Nadine Kabbani, Matthew P. Woll, Robert Levenson, Jon M. Lindstrom, Jean Pierre Changeux

Research output: Contribution to journalArticle

52 Scopus citations

Abstract

Nicotine acetylcholine receptors (nAChRs) comprise a family of ligand-gated channels widely expressed in the mammalian brain. The β2 subunit is an abundant protein subunit critically involved in the cognitive and behavioral properties of nicotine as well as in the mechanisms of nicotine addiction. In this work, we used matrix-assisted laser desorption ionization time-of-flight tandem mass spectrometry (MALDI-TOF-TOF MS/MS) to uncover protein interactions of the intracellular loop of the β2 subunit and components of immunoprecipitated β2-nAChR complexes from mouse brain. Using the β2-knockout mouse to exclude nonspecific binding to the β2 antibody, we identify 21 nAChR-interacting proteins (NIPs) expressed in brain. Western blot analysis confirmed the association between the β2 subunit and candidate NIPs.

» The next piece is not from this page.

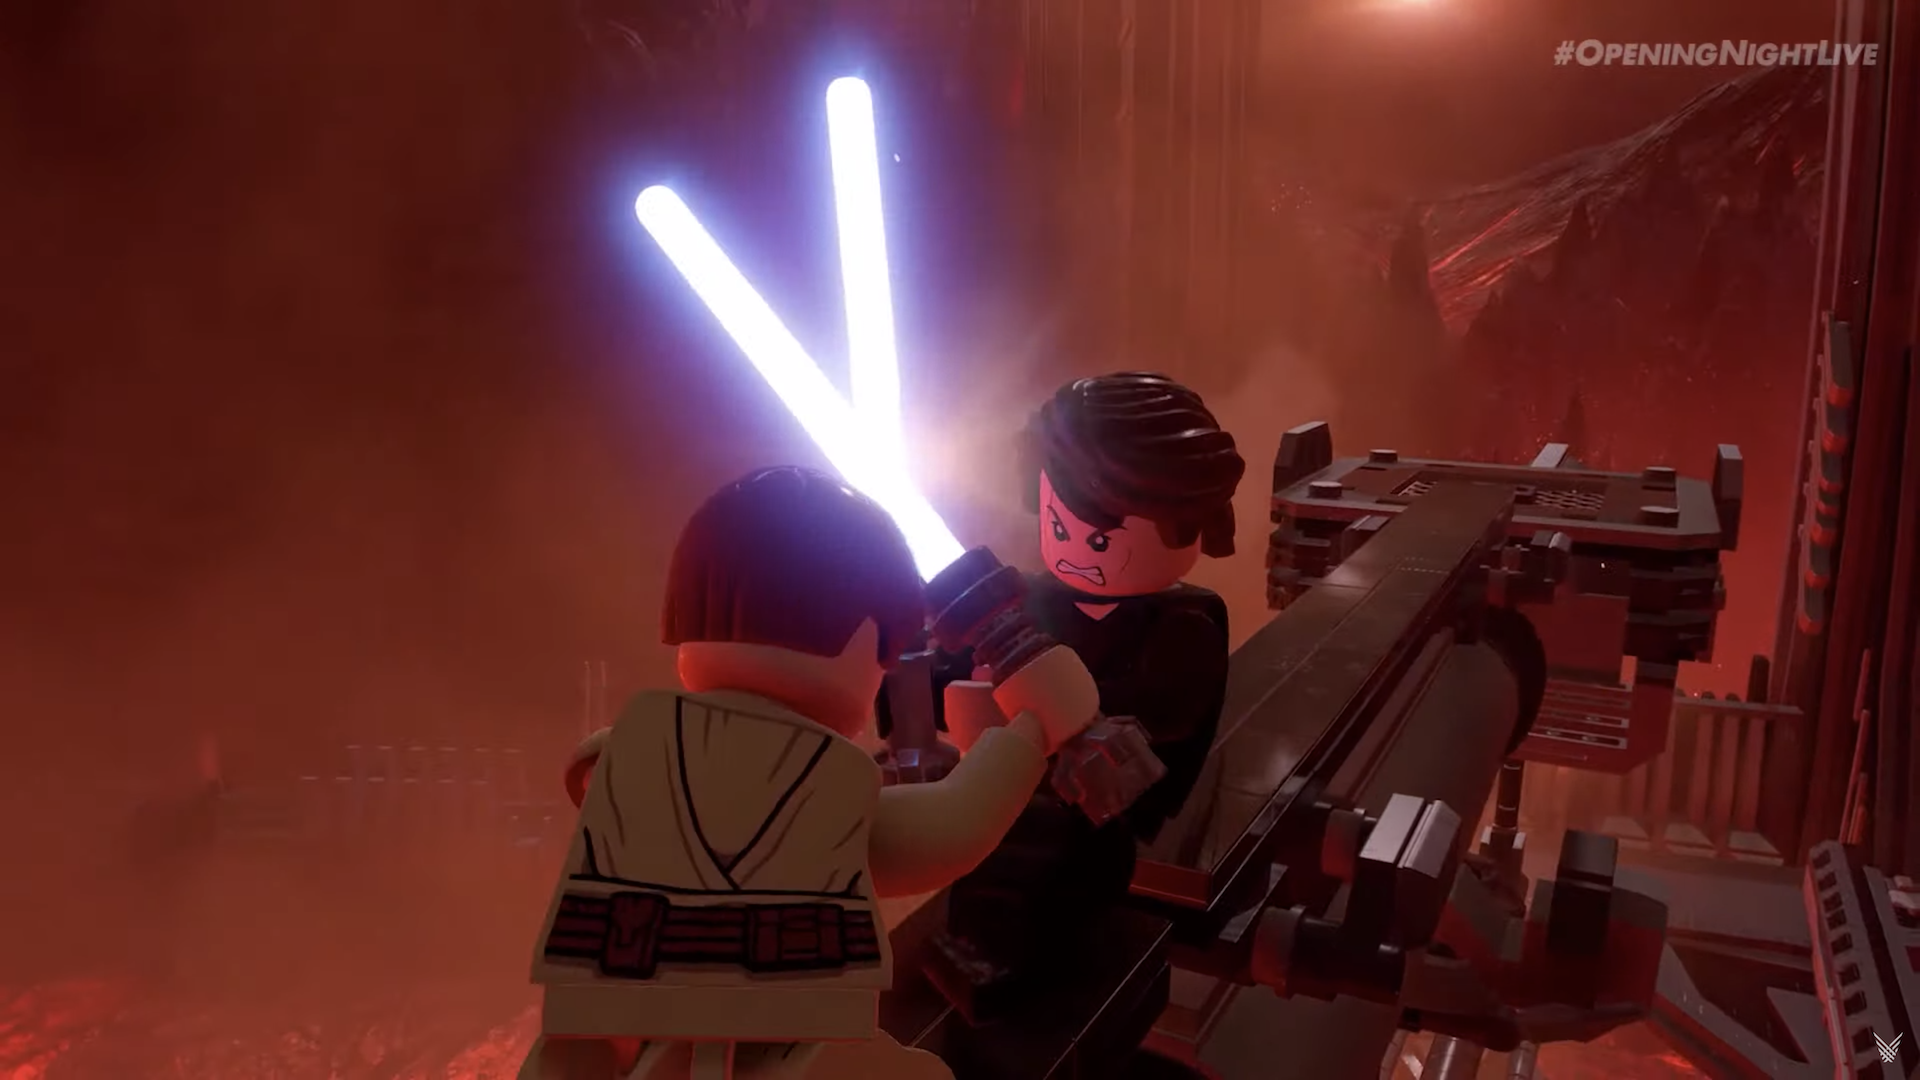 Is Lego Star Wars: The Skywalker Saga an open-world game?

Based on their functional profiles, the hypothesis is suggested that the identified NIPs can regulate the trafficking and signaling of the β2-nAChR. Interactions of the β2 subunit with NIPs such as G protein α, G protein-regulated inducer of neurite outgrowth 1, and G protein-activated K+ channel 1 suggest a link between nAChRs and cellular G protein pathways. These findings reveal intracellular interactions of the β2 subunit and may contribute to the understanding of the mechanisms of nAChR signaling and trafficking in neurons.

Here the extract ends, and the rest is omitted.